Dear Mr PNS… yang tidak mau menyebut namanya. Mungkin anda sebagai PNS di Kota Batu merasa tidak enak jika mencantumkan nama sebenarnya, karena patuh pada atasan. Tetapi, suara hati anda tidak bisa mempertahankan gejolak, untuk mencari kebenaran. Sebagai seorang PNS tentunya merasa kasihan bahwa Pak Eddy memperlakukan anak kandungnya seperti itu. Saya paham, tetapi ingin saya menjelaskan agar anda dapat memahami tentang peraturan yang mengatur tentang seorang kepala daerah (walikota).

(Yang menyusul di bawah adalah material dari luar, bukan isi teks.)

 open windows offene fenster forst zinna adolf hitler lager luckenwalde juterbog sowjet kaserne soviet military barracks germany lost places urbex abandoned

Berdasarkan Undang-Undang Nomor 12 Tahun 2008 tentang Perubahan Kedua Atas Undang-Undang Nomor 32 Tahun 2004 tentang Pemerintahan Daerah, Pasal 29 Pemberhentian Kepala Daerah dan Wakil Kepala Daerah tidak mengatur tentang perkawinan, tetapi hanya sanksi moral dari masyarakat. Jika, Eddy Rumpoko mencalonkan untuk kedua kalinya menjadi Walikota Batu, maka masyarakat tidak lagi memilihnya. Tetapi, zaman sekarang moral tidak lagi menjadi sesuatu yang harus dipatuh, melainkan masyarakat kita sudah dininabodokan oleh janji dan kekuasaan.

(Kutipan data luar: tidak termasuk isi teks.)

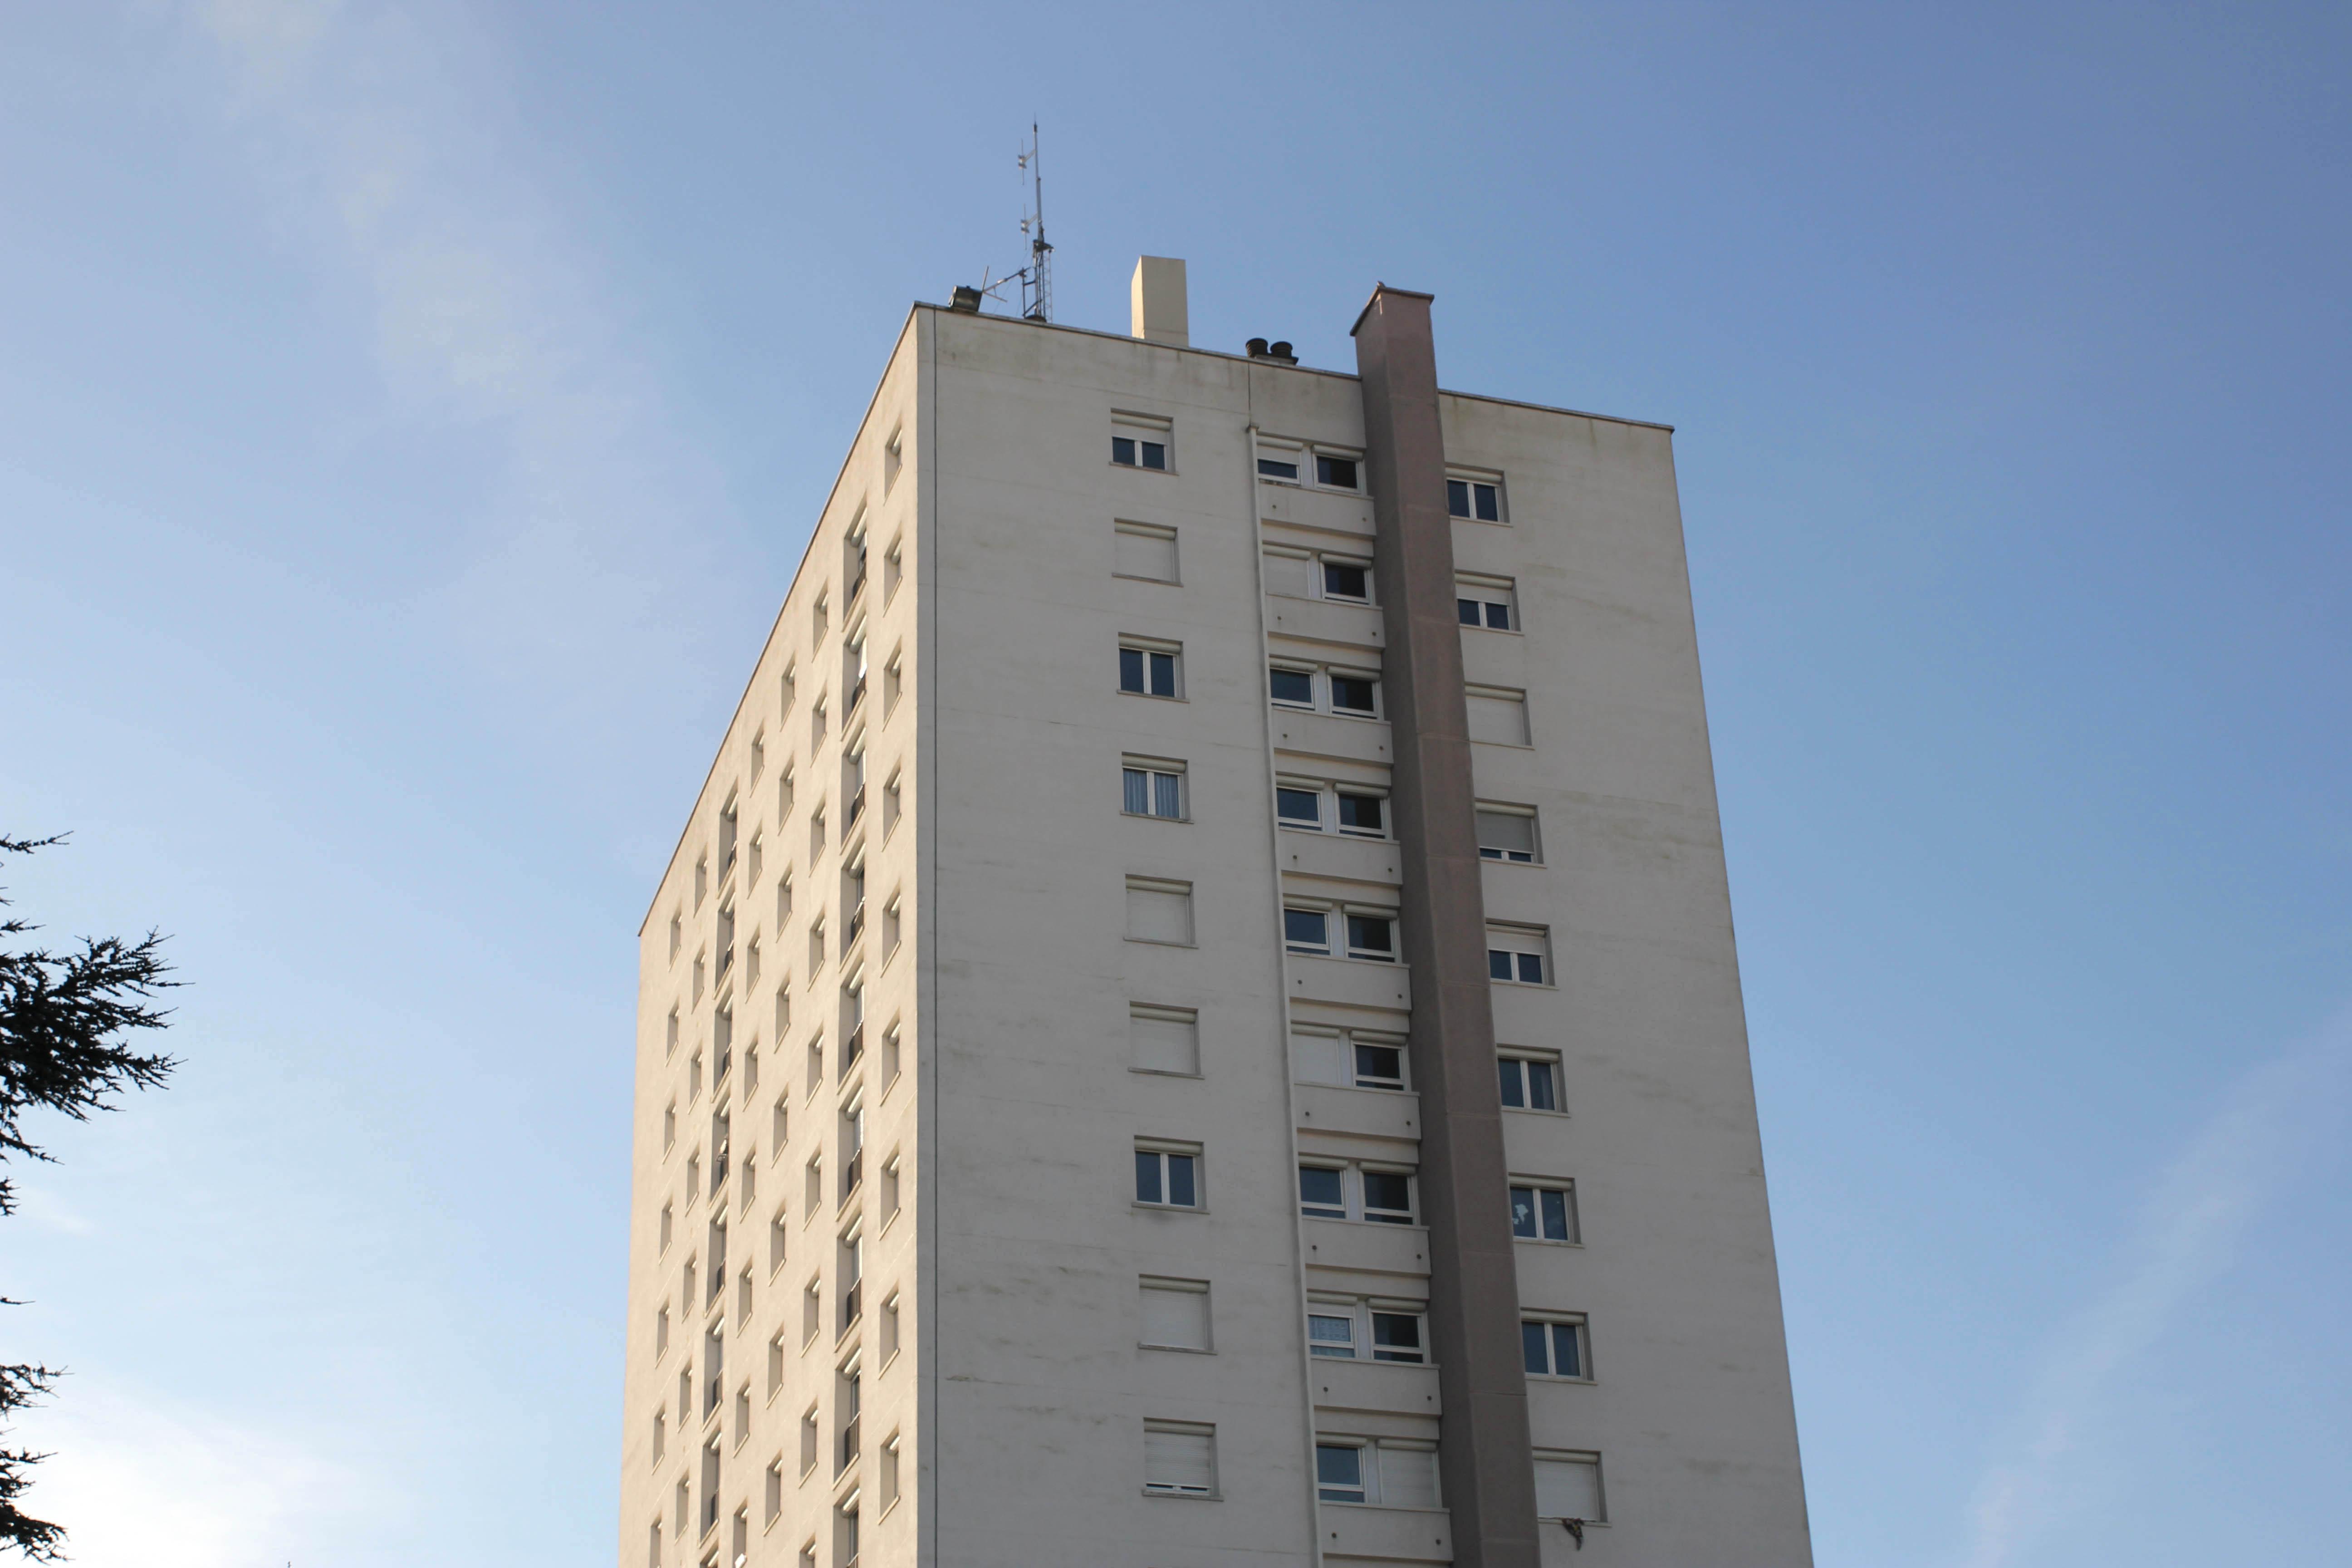 Appartement F4 à Canteleu avec vue sur Rouen - Image 2

Sedangkan menyangkut pemberitaan mengapa surat kabar tidak lagi memberitakan kasus ini, ketimbang Eddy dituduh menggunakan iajazah palsu dalam pencalonan walikota beberapa waktu lalu. Hal ini, tergantung dari kebijakan masing-masing redaksi, menganggap apakah berita/kasus Eddy adalah penting dan menarik. Karena sesuatu berita/kasus itu, penting belum tentu menarik, dan sesuatu berita itu menarik belum tentu penting. Tergantung dari misi surat kabar yang bersangkutan.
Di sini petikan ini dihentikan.